When the processing module 1120 in some embodiments is a processor, and the transceiver module 1110 is a transceiver, the apparatus 1100 in some embodiments may be an apparatus 1200 shown in FIG. 12.

FIG. 12 is a schematic diagram of a structure of a communication apparatus 1200 according to an embodiment of this application. As shown in FIG. 12, the apparatus 1200 includes a processor 1201.

When the apparatus 1200 is a terminal device or a chip in the terminal device, in a possible implementation, the processor 1201 is configured to invoke an interface to perform the following actions: receiving a broadcast message from a non-forbidden PLMN and a broadcast message from a forbidden PLMN, where the broadcast message of the forbidden PLMN includes a disaster occurrence indication, and the disaster occurrence indication indicates that a disaster occurs on the non-forbidden PLMN. The interface further performs requesting, based on the disaster occurrence indication, to register with the forbidden PLMN, when registration with the non-forbidden PLMN fails.

It should be understood that the apparatus 1200 may be further configured to perform other steps and/or operations on the terminal device side in the foregoing embodiments.

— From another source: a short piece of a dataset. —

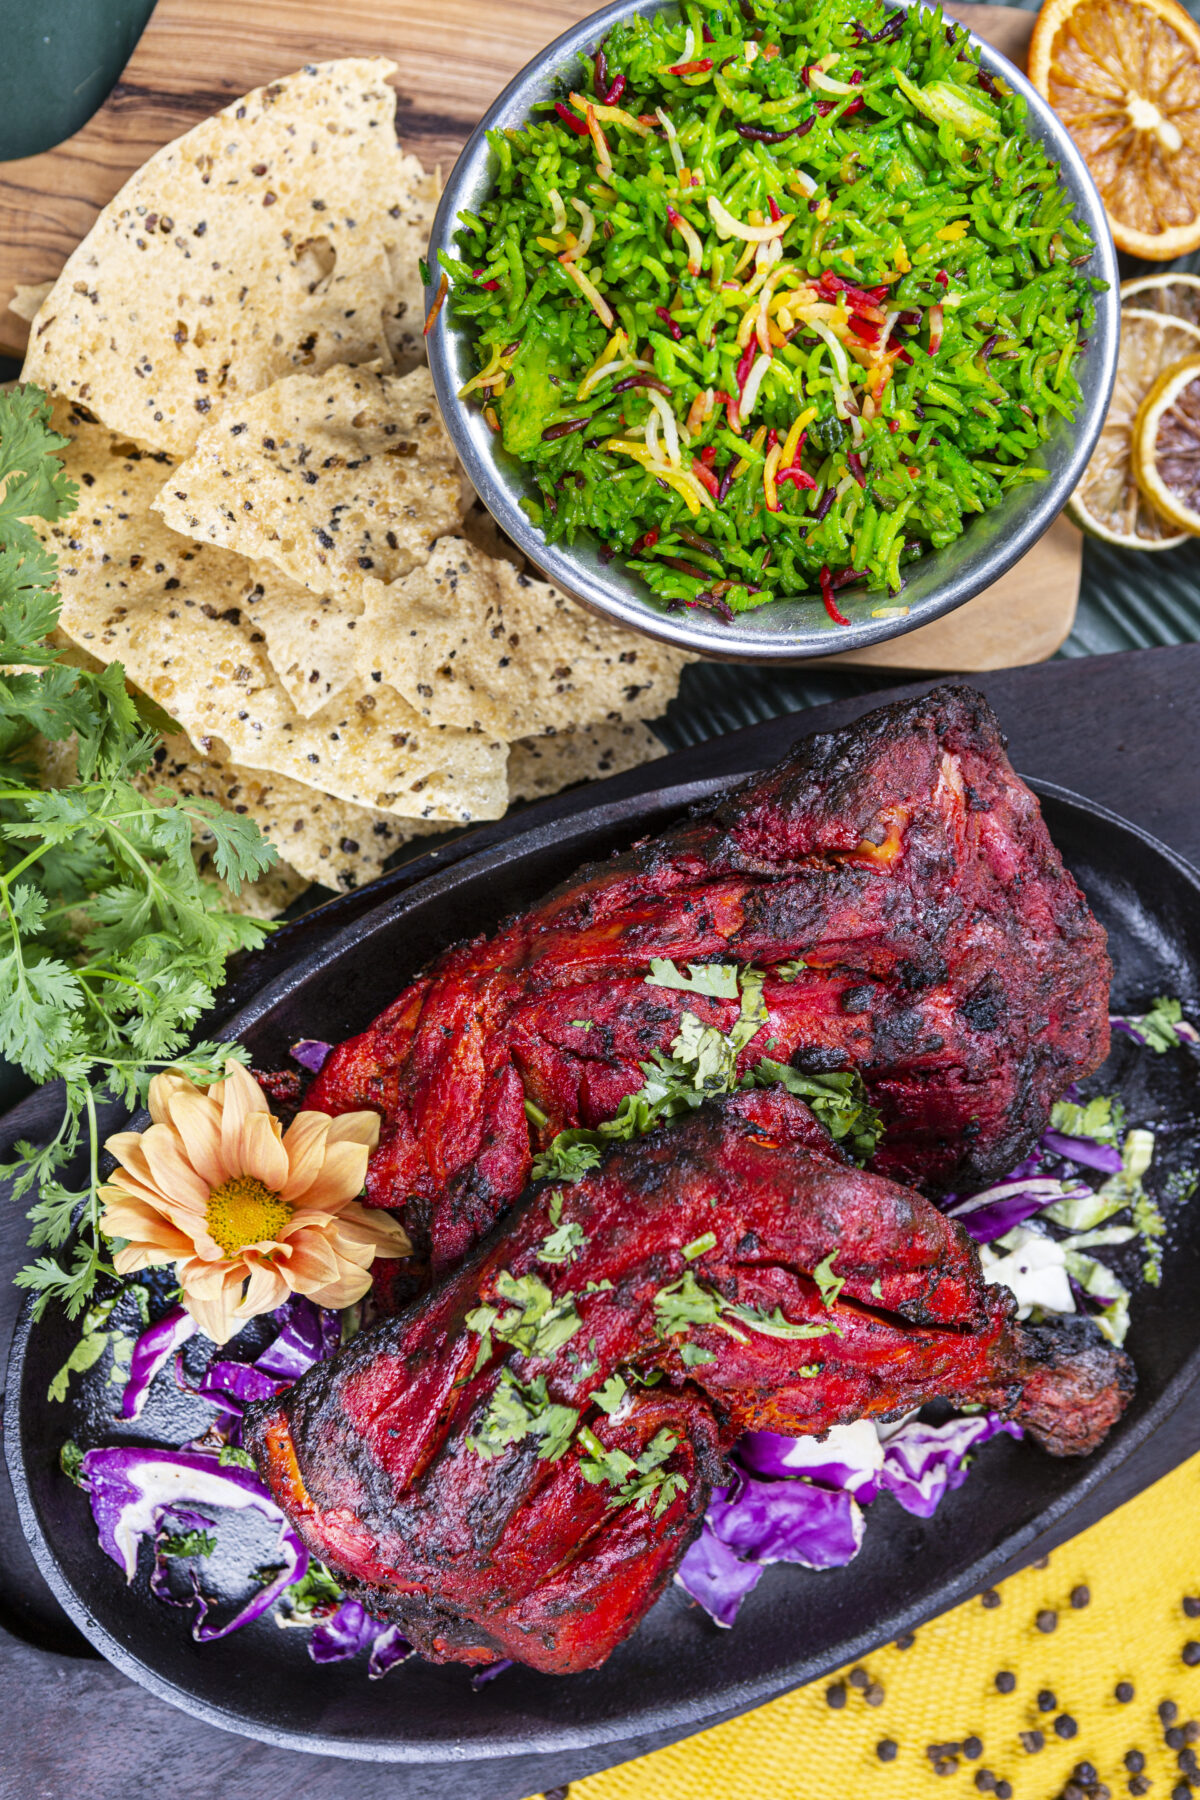 An Indian Barbecue at Cocktail Hour

For brevity, details are not described herein.

It should be understood that the processor 1201 may invoke the interface to perform the foregoing receiving and sending actions. The invoked interface may be a logical interface or a physical interface. This is not limited. Optionally, the physical interface may be implemented by using a transceiver. Optionally, the apparatus 1200 further includes a transceiver 1203.

Optionally, the apparatus 1200 further includes a memory 1202. The memory 1202 may store program code in the foregoing method embodiments, to be invoked by the processor 1201.

Specifically, if the apparatus 1200 includes the processor 1201, the memory 1202, and the transceiver 1203, the processor 1201, the memory 1202, and the transceiver 1203 communicate with each other by using an internal connection path, to transfer a control signal and/or a data signal. In a possible design, the processor 1201, the memory 1202, and the transceiver 1203 may be implemented by using a chip, and the processor 1201, the memory 1202, and the transceiver 1203 may be implemented in a same chip, or may be separately implemented in different chips, or functions of any two of the processor 1201, the memory 1202, and the transceiver 1203 are implemented in one chip. The memory 1202 may store program code, and the processor 1201 invokes the program code stored in the memory 1202, to implement a corresponding function of the apparatus 1200.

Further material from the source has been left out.